China’s six new pilot free-trade zones will increase trade and market access for foreign countries and companies, minimizing strain caused by its trade war with the U.S., according to a Sept. 10 post from Dezan Shira & Associates.
The United Kingdom’s Office of Financial Sanctions Implementation updated its guide of the country’s consolidated list of asset freeze targets, the U.K. said in an Aug. 30 notice. The list also includes “persons subject to restrictive measures in view of Russia's actions” in Ukraine, the U.K. said. The list includes a new search function that will allow users to “quickly and easily” search the targets based on any identifying information, according to a post from Baker McKenzie.
The Office of the U.S. Trade Representative is soliciting comments at regulations.gov, docket number USTR-2019-0012, on tariff and non-tariff barriers in 61 countries, the European Union and the countries of the Arab League (some of which are included in the list that follows). The topics stakeholders can comment on are wide-ranging -- from tariffs, customs practices, and sanitary and phytosanitary measures not based on science, to subsidies, intellectual property enforcement, data localization, discriminatory licensing or regulatory actions and investment restrictions. They also asked about Buy America-equivalent policies in other markets. The countries under review for the annual trade barriers report are: Algeria, Angola, Argentina, Australia, Bahrain, Bangladesh, Bolivia, Brazil, Brunei, Burma, Cambodia, Canada, Chile, China, Colombia, Costa Rica, Cote d’Ivoire, Dominican Republic, Ecuador, Egypt, El Salvador, Ethiopia, Ghana, Guatemala, Honduras, Hong Kong, India, Indonesia, Israel, Japan, Jordan, Kenya, Korea, Kuwait, Laos, Malaysia, Mexico, Morocco, New Zealand, Nicaragua, Nigeria, Norway, Oman, Pakistan, Panama, Paraguay, Peru, the Philippines, Qatar, Russia, Saudi Arabia, Singapore, South Africa, Switzerland, Taiwan, Thailand, Tunisia, Turkey, United Arab Emirates, Ukraine and Vietnam. Comments are due by midnight Oct. 31.

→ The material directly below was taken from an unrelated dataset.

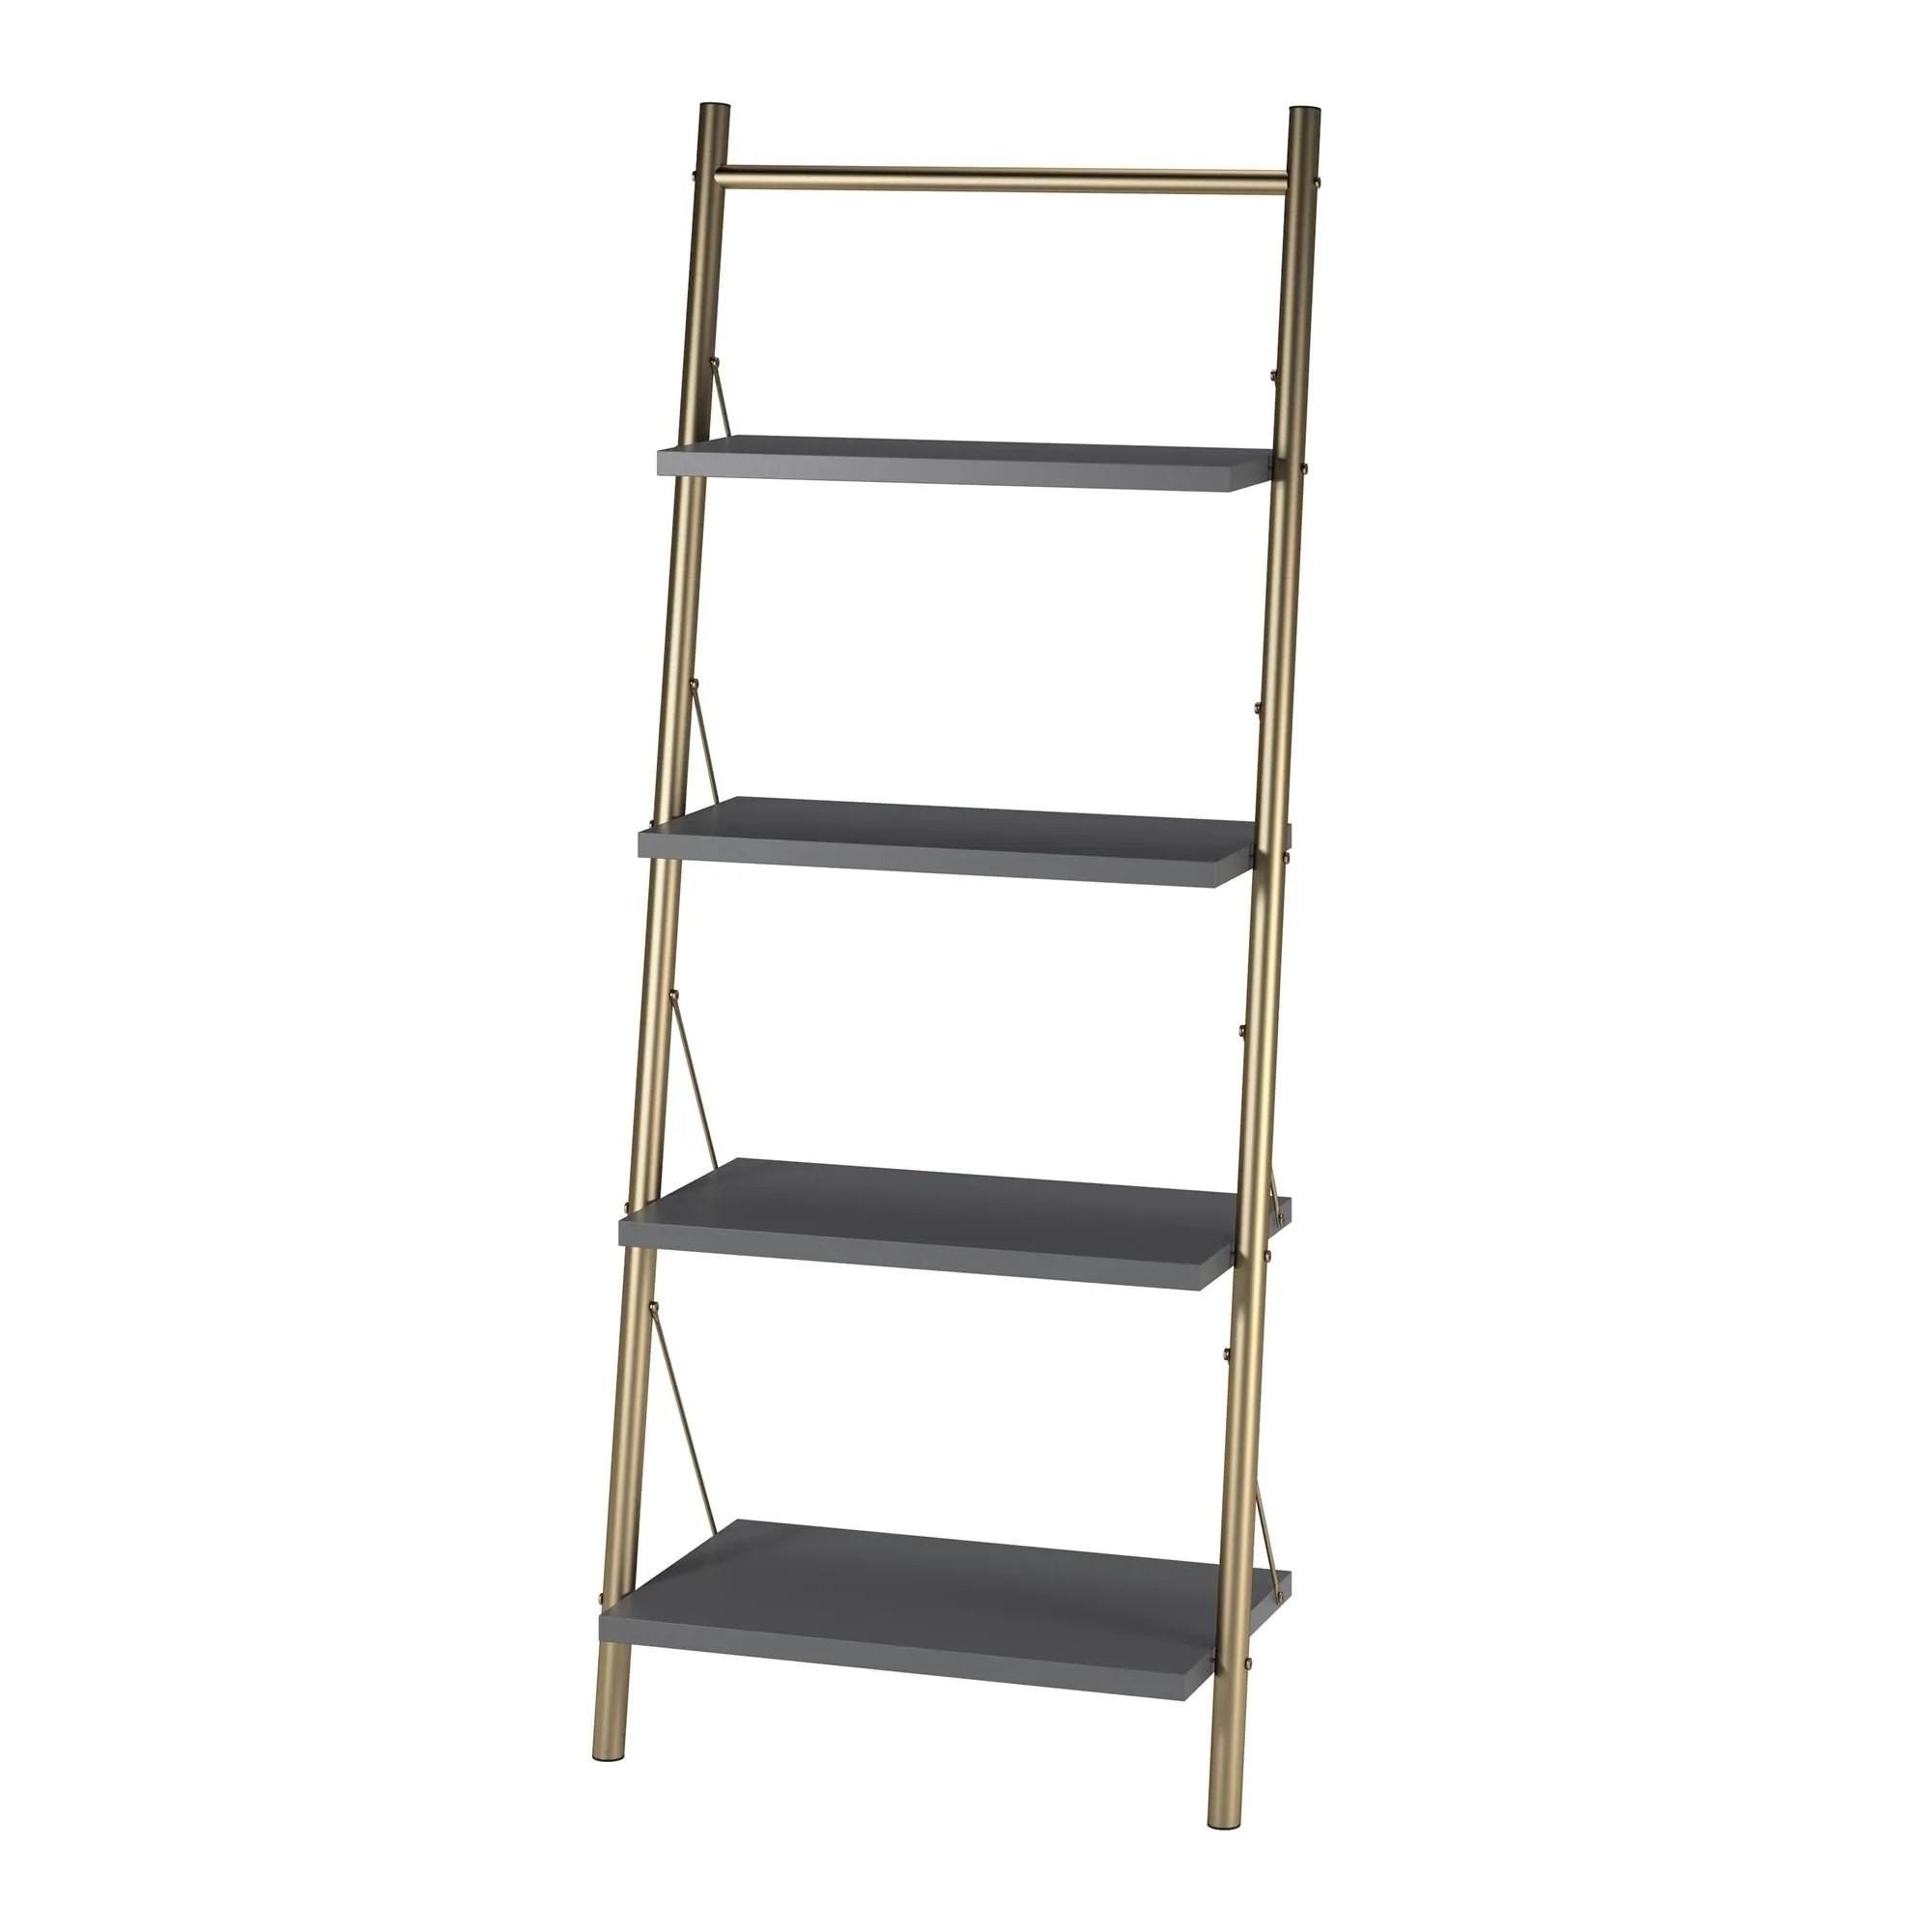 Cosmoliving By Cosmopolitan Nova 4 Shelf Ladder Bookcase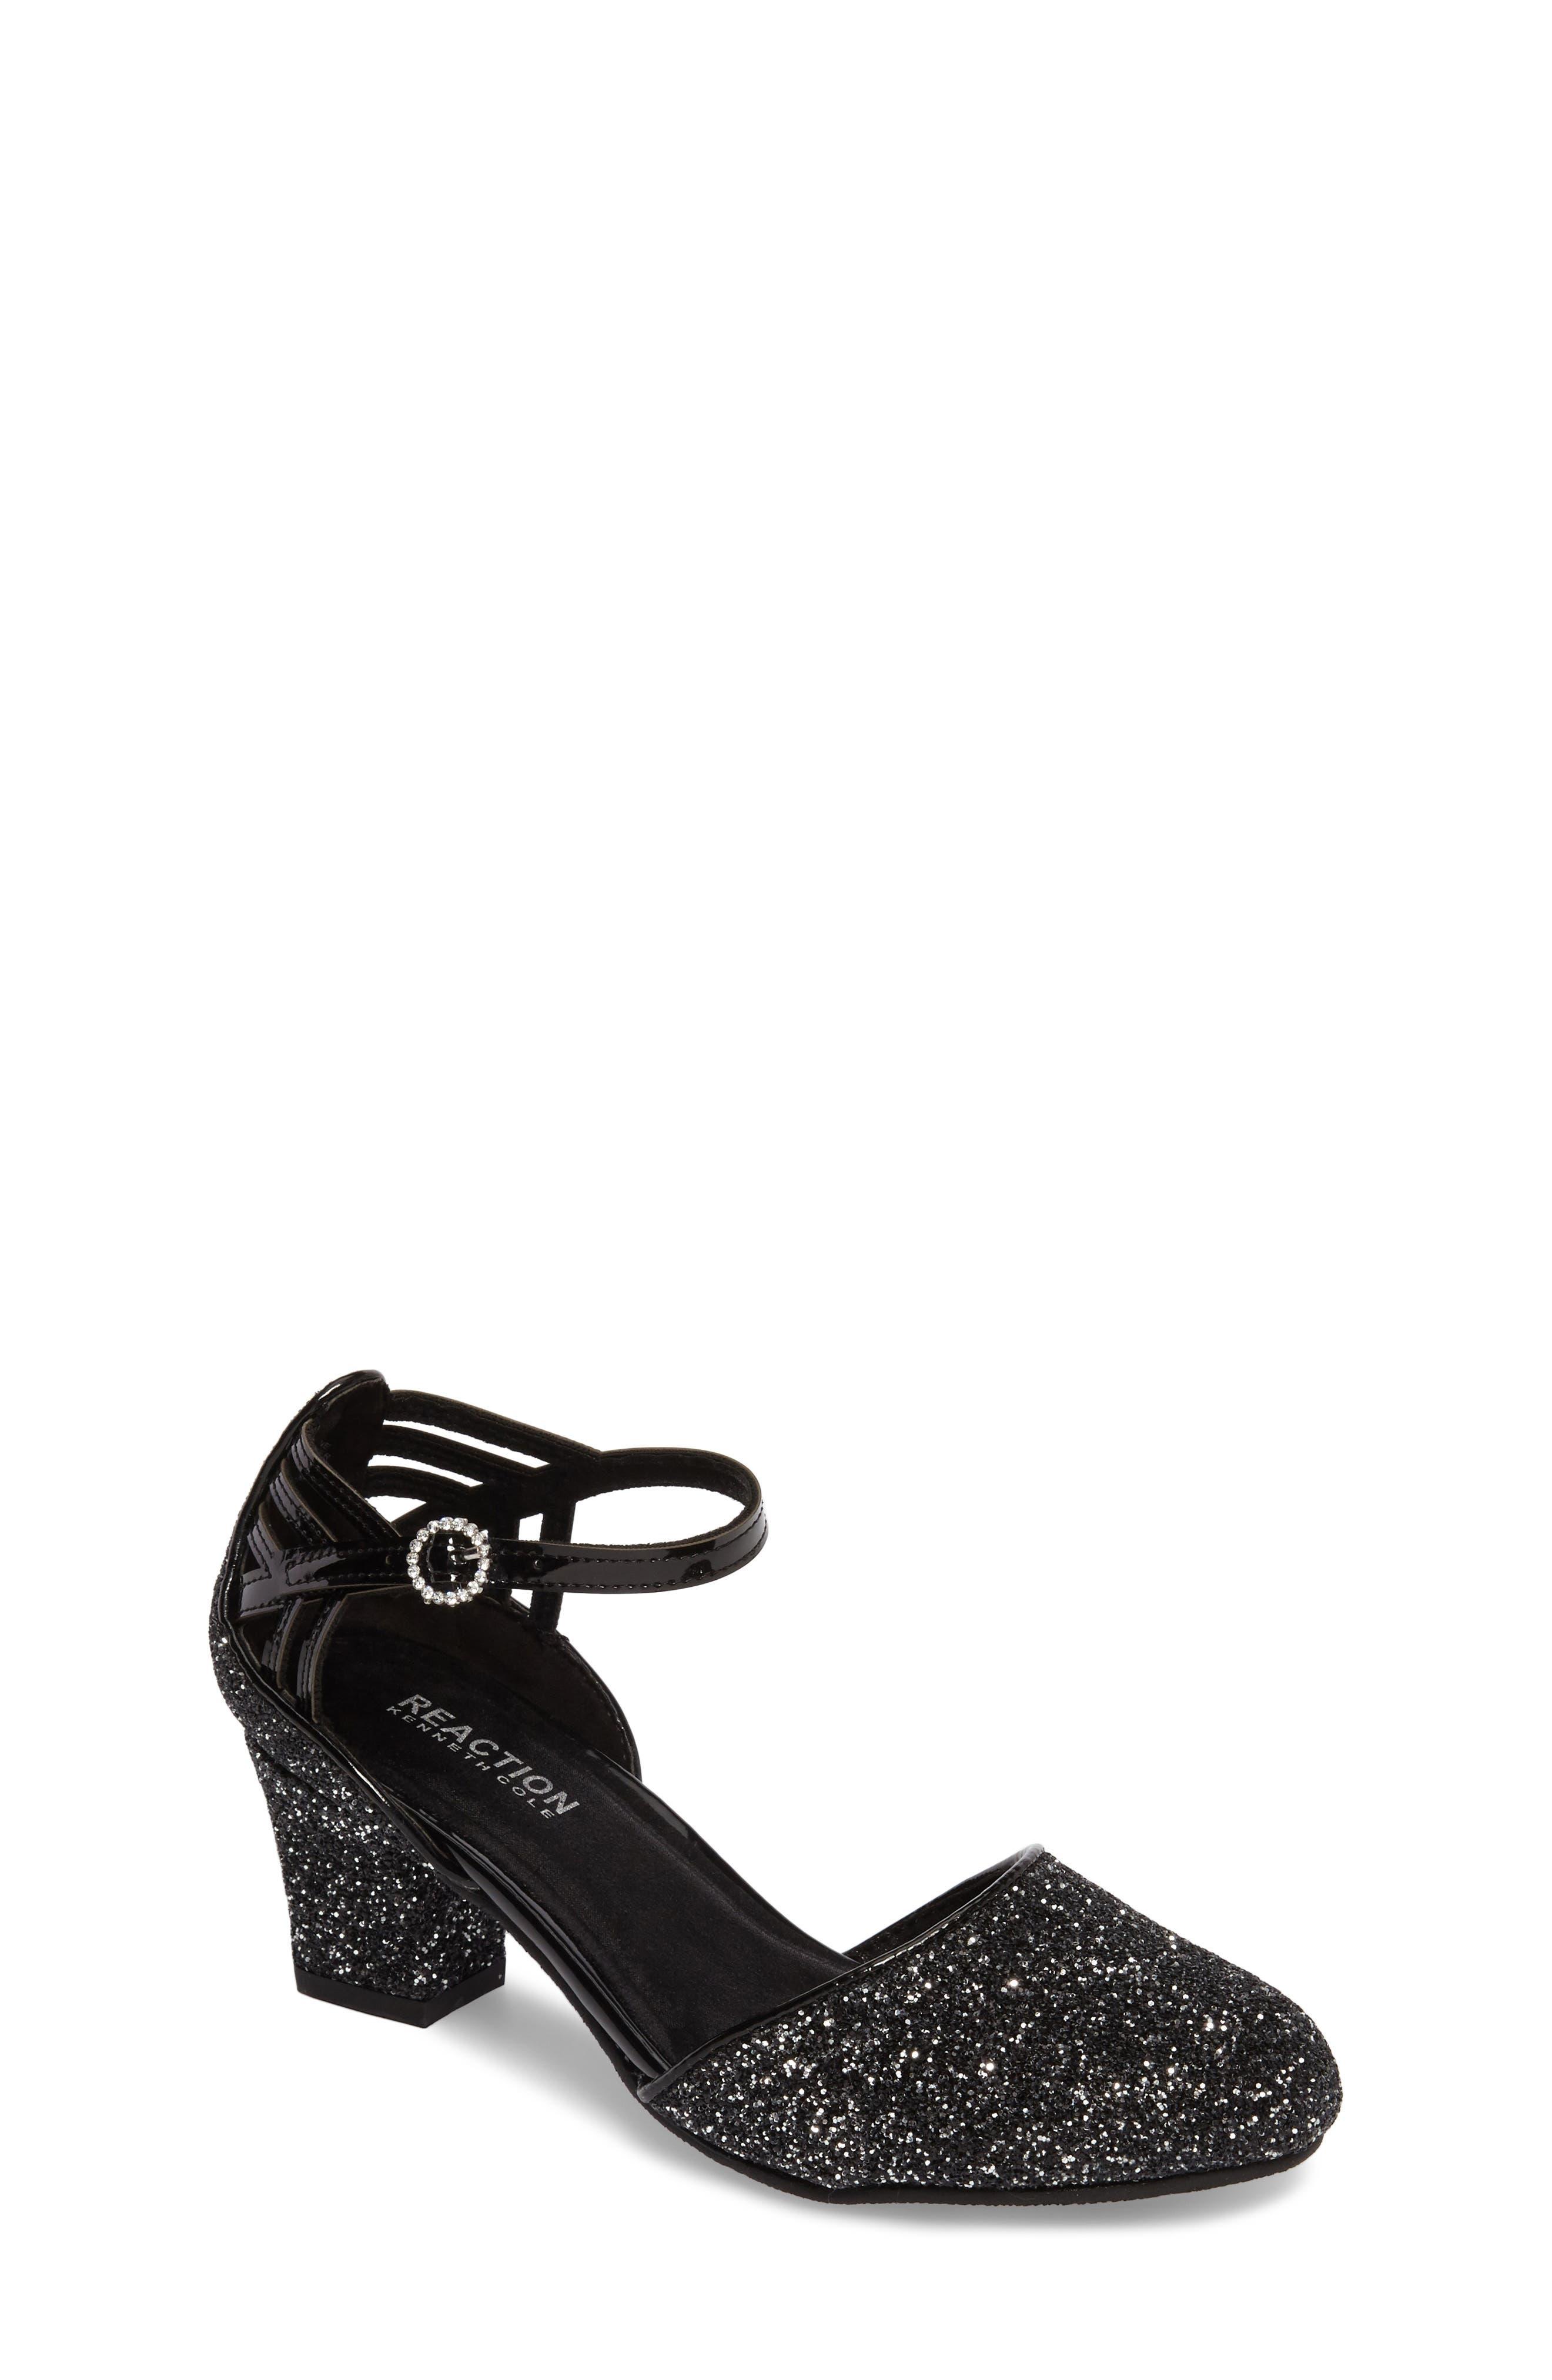 Kenneth Cole New York Sarah Shine Pump,                         Main,                         color, Black Glitter

The Eurasian Economic Union Commission completed its customs code harmonization to improve customs clearance time, “service portals,” rules relating to restricted goods, countries of origin and more, according to an Aug. 22 report from the Hong Kong Trade Development Council. The move is expected to “clear up the discrepancies and inconsistencies” related to several areas of customs and trade between the Eurasian Economic Union’s member countries: Russia, Armenia, Belarus, Kazakhstan and Kyrgyzstan. The move will standardize the average customs clearance time to four hours, define required procedures for establishing exact customs values, list a series of banned goods and more, the report said.
The United Kingdom's Office of Financial Sanctions Implementation on Aug. 21 updated its guidance on the country’s current financial sanctions targets. The guidance includes a list of the country’s asset freeze targets, a guide explaining availability in four different formats of its list of financial sanctions targets, and a list of people subject to sanctions and other restrictive measures due to Russia’s actions in Ukraine.
Mexico recently issued regulations formalizing import restrictions put in place in 2018 meant to protect against the introduction of African swine fever, according to a press release from the Mexican Secretariat of Agriculture and Rural Development (SADER). Published on Aug. 15, the new regulations keep in place measures set in 2018 that prohibit the importation of pigs, pork, semen and embryos, as well as containers and vehicles used to transport these animals and animal products.